One earlier study did not detect a role for integrin-FAK signaling in the regulation of nuclear YAP in response to cell spreading, arguing instead for a distinct cell shape/actin/Rho signaling pathway (Zhao et al., 2012). In that study, FAK inhibitor treatment was not found to inhibit cell attachment–induced YAP dephosphorylation. Using their reported concentrations of the same FAK inhibitor (1 µM PF-562271), we observed a similar result regarding YAP phosphorylation status (Fig. 4 A, eighth lane). However, increased amounts of PF-562271 in doses that inhibit FAK autophosphorylation dramatically increase the phosphorylation of YAP (Fig. 4 A). Also, the more selective FAK inhibitor PF-573228 leads to YAP phosphorylation at substantially lower concentrations (Fig. 4 A). Moreover, expression of dominant-negative FAK protein FRNK prevents fibronectin-induced dephosphorylation and nuclear accumulation of YAP, demonstrating that the Hippo pathway is controlled by the activation of FAK (Fig. 4, C and D). FAK inhibitors increased the cytoplasmic localization of YAP in a Lats-dependent manner (Fig. 4 B), indicating that they act through the Hippo pathway. In the earlier study (Zhao et al., 2012), detecting the effect of fibronectin adhesion on YAP may have been missed because it requires very careful control of cell-plating conditions to avoid residual mitogens, including blocking autocrine-secreted amphiregulin with neutralizing antibodies (Zhang et al., 2009; Fan et al., 2013). Under the conditions of our experiments, the effects of FAK inhibitors and cell adhesion were consistent, as were the roles of Src and PI3K signaling.

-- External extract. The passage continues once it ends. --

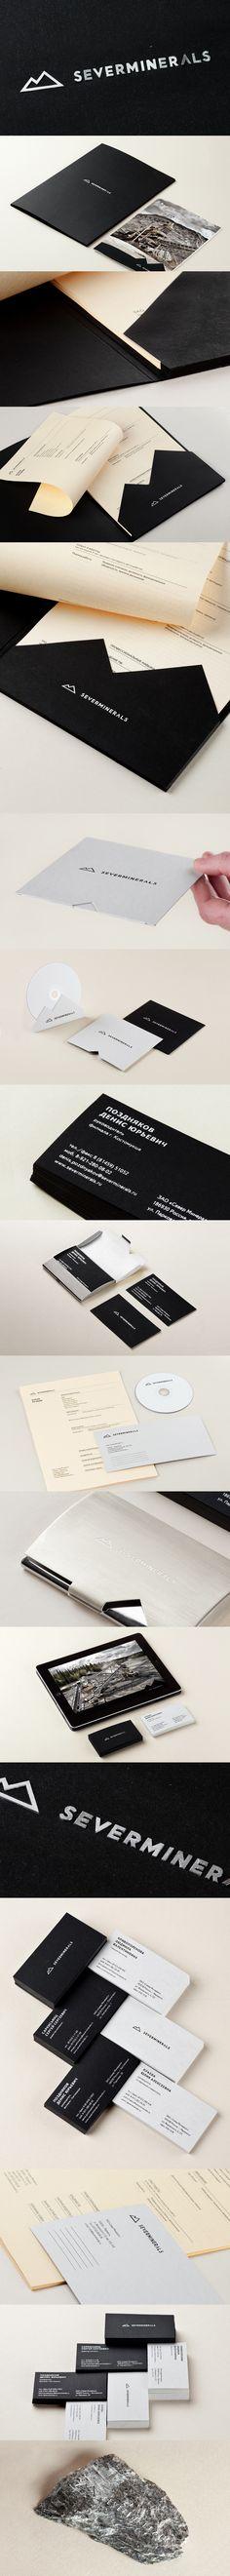 Severminerals, Identity Branding Suite. Black. Silver. Business Card. Letterhead.

In the context of integrin-FAK signaling, we find that Src controls YAP activity in a Lats-dependent manner. Depletion of Lats1/2 kinases prevents YAP nuclear exclusion caused by SFK inhibitors (Fig. 1 D). Also, SFK inhibitor PP2 increases the phosphorylation of YAP on S127 residue (Fig. 1 C), a well-known Lats target phosphorylation site that induces 14-3-3 binding and cytoplasmic retention (Zhao et al., 2007), whereas the activation of Src, through overexpression of active Src or CSK depletion, decreases the phosphorylation of YAP (Fig. 2, A and D) and Mst-dependent phosphorylation of Lats (Fig. 3 A). In contrast, expression of membrane-targeted CSK increased the YAP nuclear exclusion (Fig. S3). Src appears to exert its effects on Lats and YAP via PI3K and PDK1 because PI3K or PDK1 inhibitor treatment prevents the effect of CA-Src on nuclear YAP. The stimulation of PDK1 by EGF and LPA signaling was previously found to dissociate the Hippo pathway complex and activate YAP (Fan et al., 2013). Our findings also indicate that Src stimulation of the PI3K–PDK1 pathway causes YAP nuclear accumulation because of its effects on the core Hippo pathway complex and Lats activity.

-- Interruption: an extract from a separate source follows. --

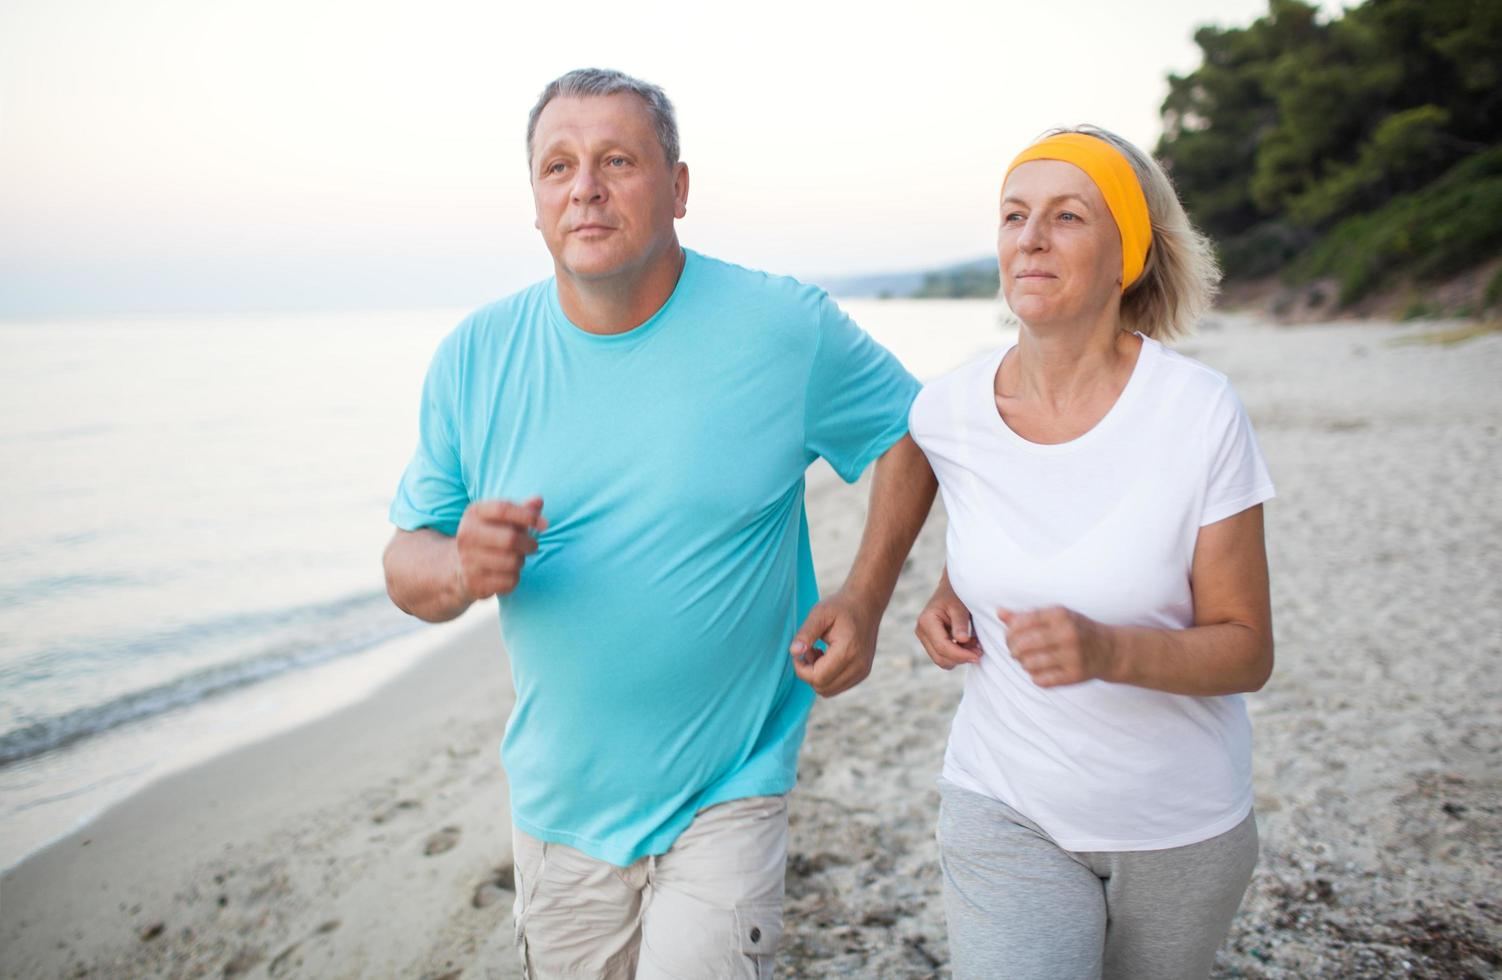 Senior couple jogging on the beach photo

A recent study found that Src and Yes directly bind, phosphorylate, and regulate the activity of YAP rather than control the Hippo pathway during epithelial regeneration in inflammatory diseases (Taniguchi et al., 2015). However, we failed to detect the tyrosine phosphorylation of YAP by Src-GFP or CA-Src-GFP expression in HEK-293T cells but confirmed the reduction of YAP phosphorylation on S127 residue (Fig. S4 A). Interestingly, tyrosine residues of Mob1, Sav1, Nf2, and Lats1, but not Mst2, were phosphorylated by the expression of CA-Src-GFP in HEK-293T cells (Fig. S4, B and C). Although we cannot rule out the possibility that Src also interacts with other Hippo pathway components (Sudol, 1994; Zaidi et al., 2004; Rosenbluh et al., 2012; Enomoto and Igaki, 2013; Taniguchi et al., 2015), especially in other contexts, the sum of our findings demonstrates that Src affects YAP in MCF-10A cells through the Hippo complex and Lats activity.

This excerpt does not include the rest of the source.